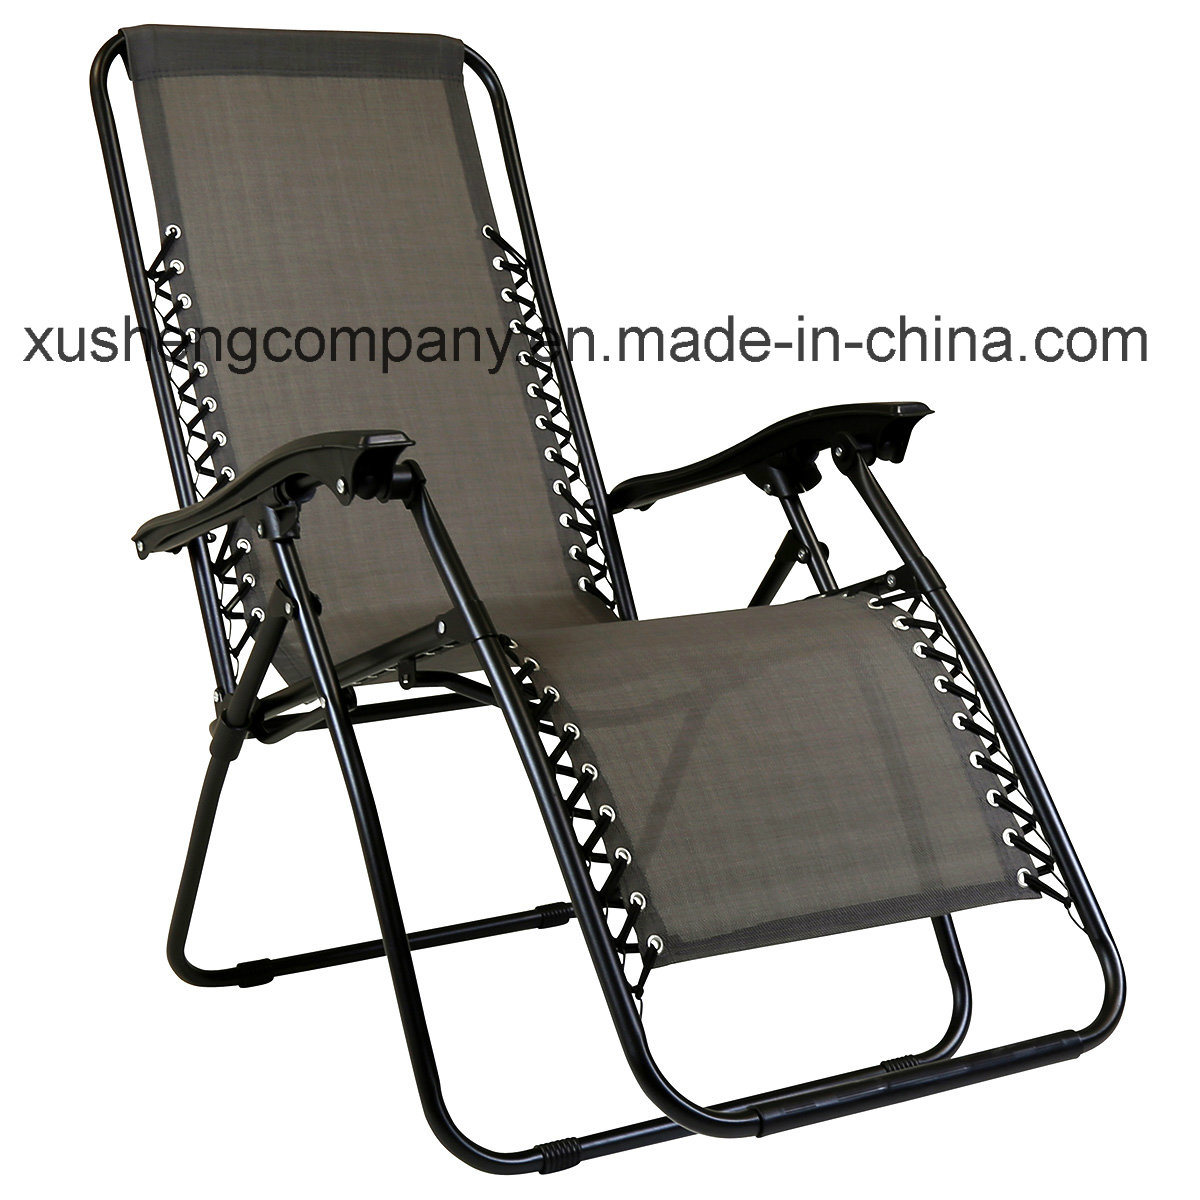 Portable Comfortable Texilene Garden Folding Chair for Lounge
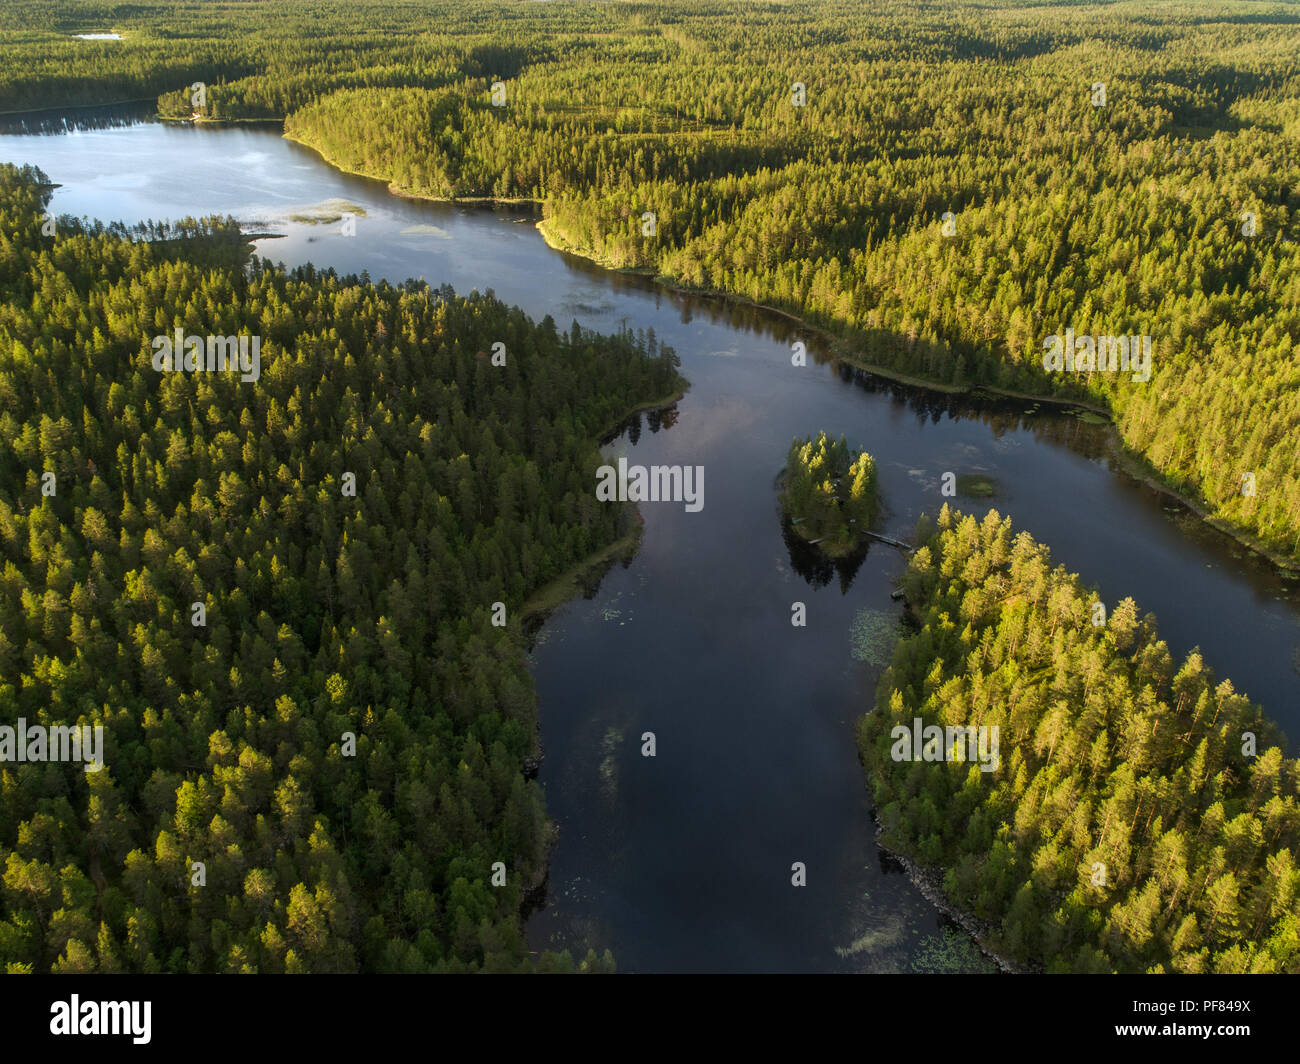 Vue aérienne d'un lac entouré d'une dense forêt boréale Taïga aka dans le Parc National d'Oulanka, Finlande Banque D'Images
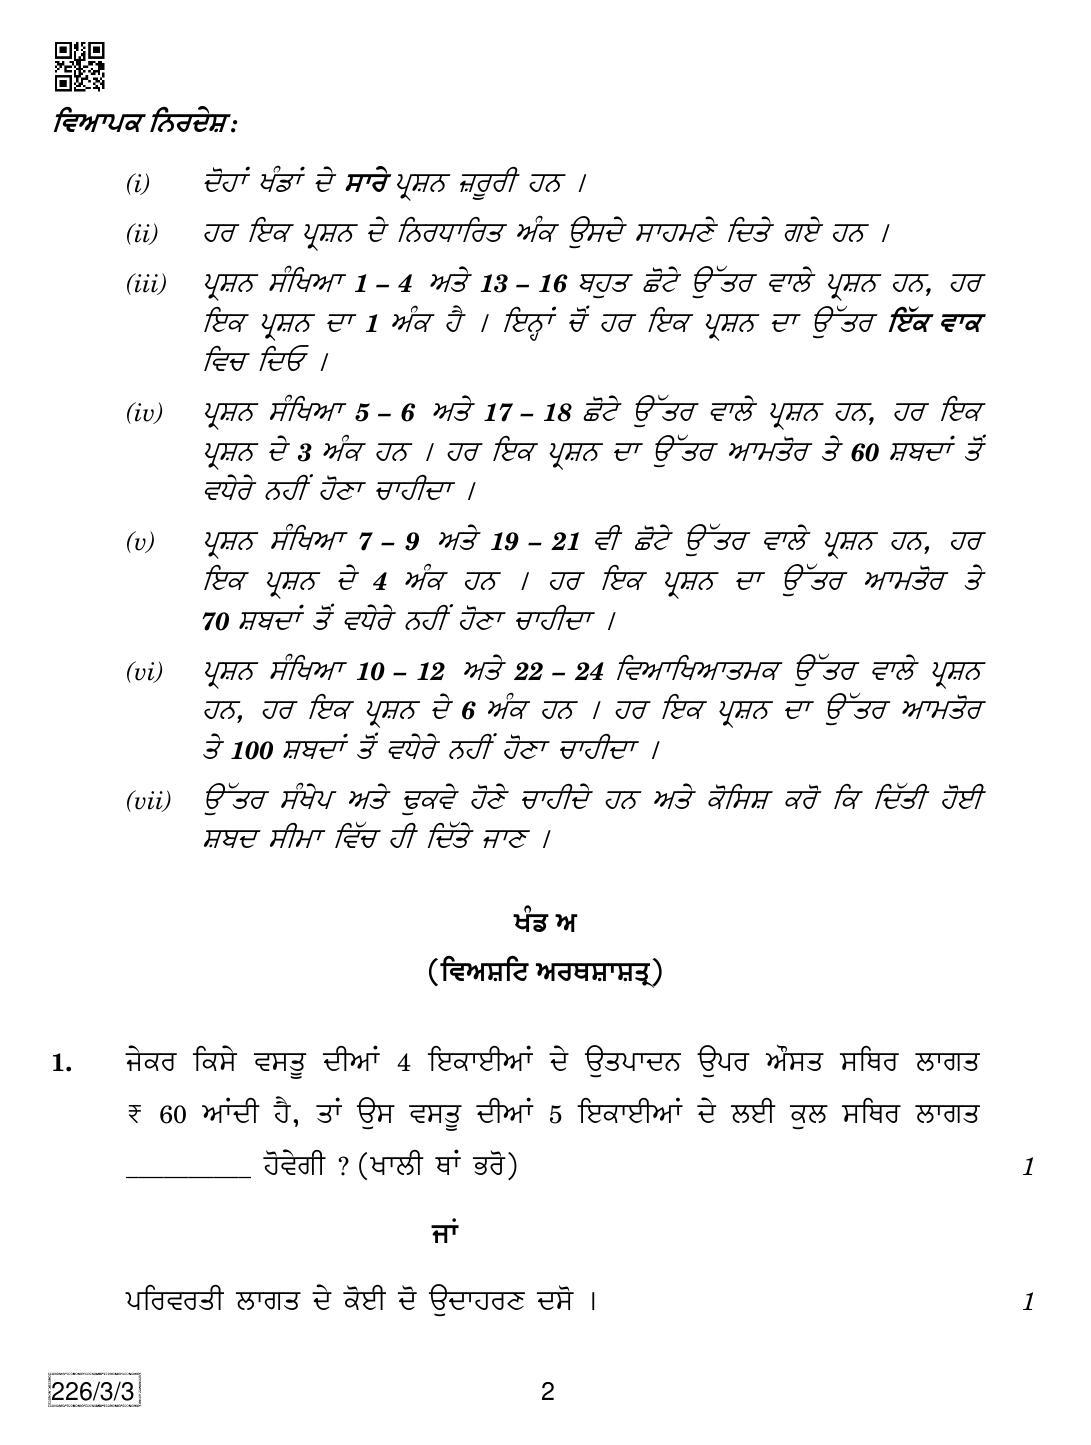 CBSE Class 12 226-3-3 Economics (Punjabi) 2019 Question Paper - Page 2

## TASK OBJECTIVE
From the line holding "Vue aérienne d'un" through the last line of the material above, each line should be written out exactly, both included; omit the pictures.

## RESPONSE BOX
 Vue aérienne d'un lac entouré d'une dense forêt boréale Taïga aka dans le Parc National d'Oulanka, Finlande Banque D'Images
 CBSE Class 12 226-3-3 Economics (Punjabi) 2019 Question Paper - Page 2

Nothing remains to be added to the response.